Leo contacted the sales rep who had advised him on his Financials Fund investment.

The sales rep referred him to a loan officer.

When Leo asked the loan officer if he could use the Financials Fund as collateral for the loan, he said the loan officer told him that the capital in the Financials Fund was not guaranteed, but that he was sure it would be fine, as he himself had invested in the fund. ‘‘This obviously caused us some concern," Leo said.

Leo then e-mailed the sales rep who had originally sold him the fund.

The rep contacted him by phone. During the May 2008 phone call, Leo asked the rep if the loan officer was correct in his assertion that the capital in the Financials Fund was not secure.

Leo said the sales rep told him the loan officer was either mistaken or had misunderstood the question.

Leo and Marie returned to Ireland for a family wedding later in May and picked up the information about the Financials Fund that had been posted to their Irish address, even though they had been living in Italy since October 2007.

They became concerned that it did not appear to offer the guarantee they had asked for. They complained to Bank of Ireland Life. The company’s position was that it was clearly stated in the policy documentation that the investment was not guaranteed. It said the policy was sold in good faith, the risks were explained and that the couple had been offered a cooling-off period.

Bank of Ireland Life said in a letter that it did not hold a recording of the May telephone conversation during which Leo was allegedly reassured that the fund was guaranteed.

‘‘As such, we are unable to comment on any information or policy details provided to you during this call in relation to the security of your capital sum."

The sales rep has since left the bank and could not be reached for comment.

The Dunnes subsequently complained to the Financial Services Ombudsman that they had been mis-sold the investment. In May 2009, the Ombudsman found against them.

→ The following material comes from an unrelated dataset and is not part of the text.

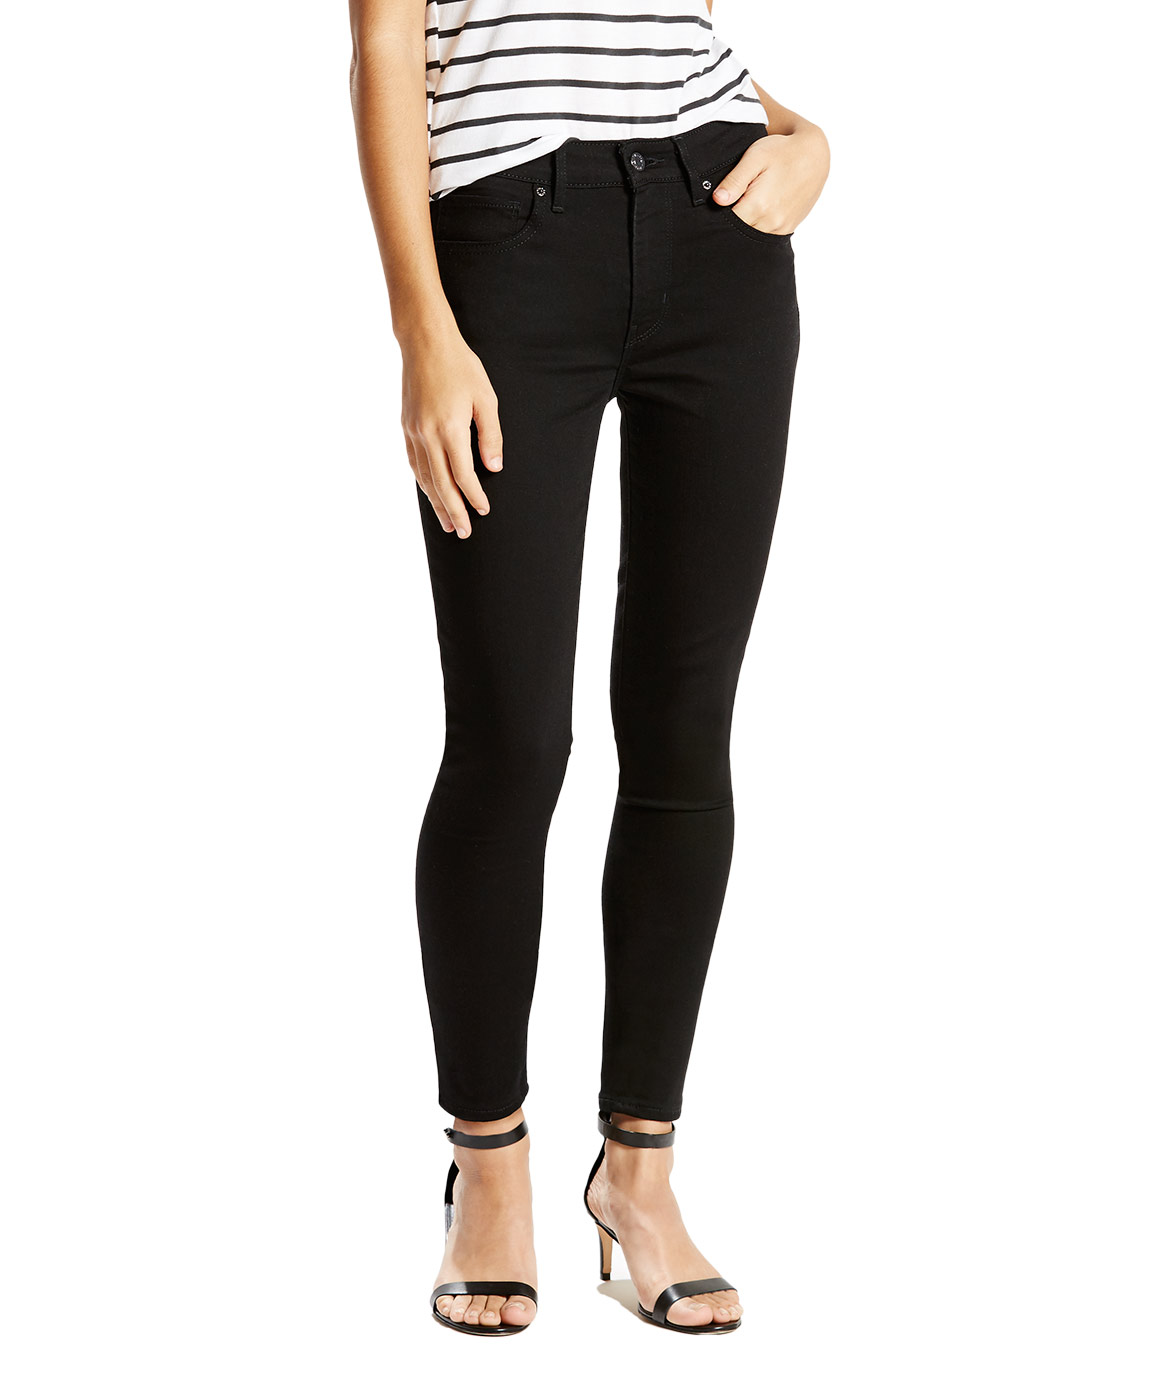 Hosen für Frauen - Levis 721 HIGH RISE SKINNY Slim Fit Black Sheep  - Onlineshop Jeans Meile

The Ombudsman ruled that the essence of the complaint was whether they were aware that the policy did not have a capital guarantee. The Ombudsman noted that the Dunnes had signed the personal review form which contained a declaration that they had received and read a copy of the company’s terms of business document, that they had read and understood the information provided and that it was an accurate reflection of their circumstances.

The Ombudsman also noted that the Financials Fund booklet said the illustrated benefits were not guaranteed. The Ombudsman also noted that the documents were sent to the address given on the application form in December 2007.

But the Dunnes say they didn’t know what was on the form because it was filled in by the sales rep after they had ‘‘naively’’ signed it blank. They also say that they didn’t read the documents sent to them at their Irish address because they were in Italy.

In an interview stretching over several hours at their home in Navan, Co Meath, Leo and Marie pointed to many inaccuracies in the form that they believe could prove they did not get an opportunity to review it. Chief among these is a monumental overstatement of their monthly income.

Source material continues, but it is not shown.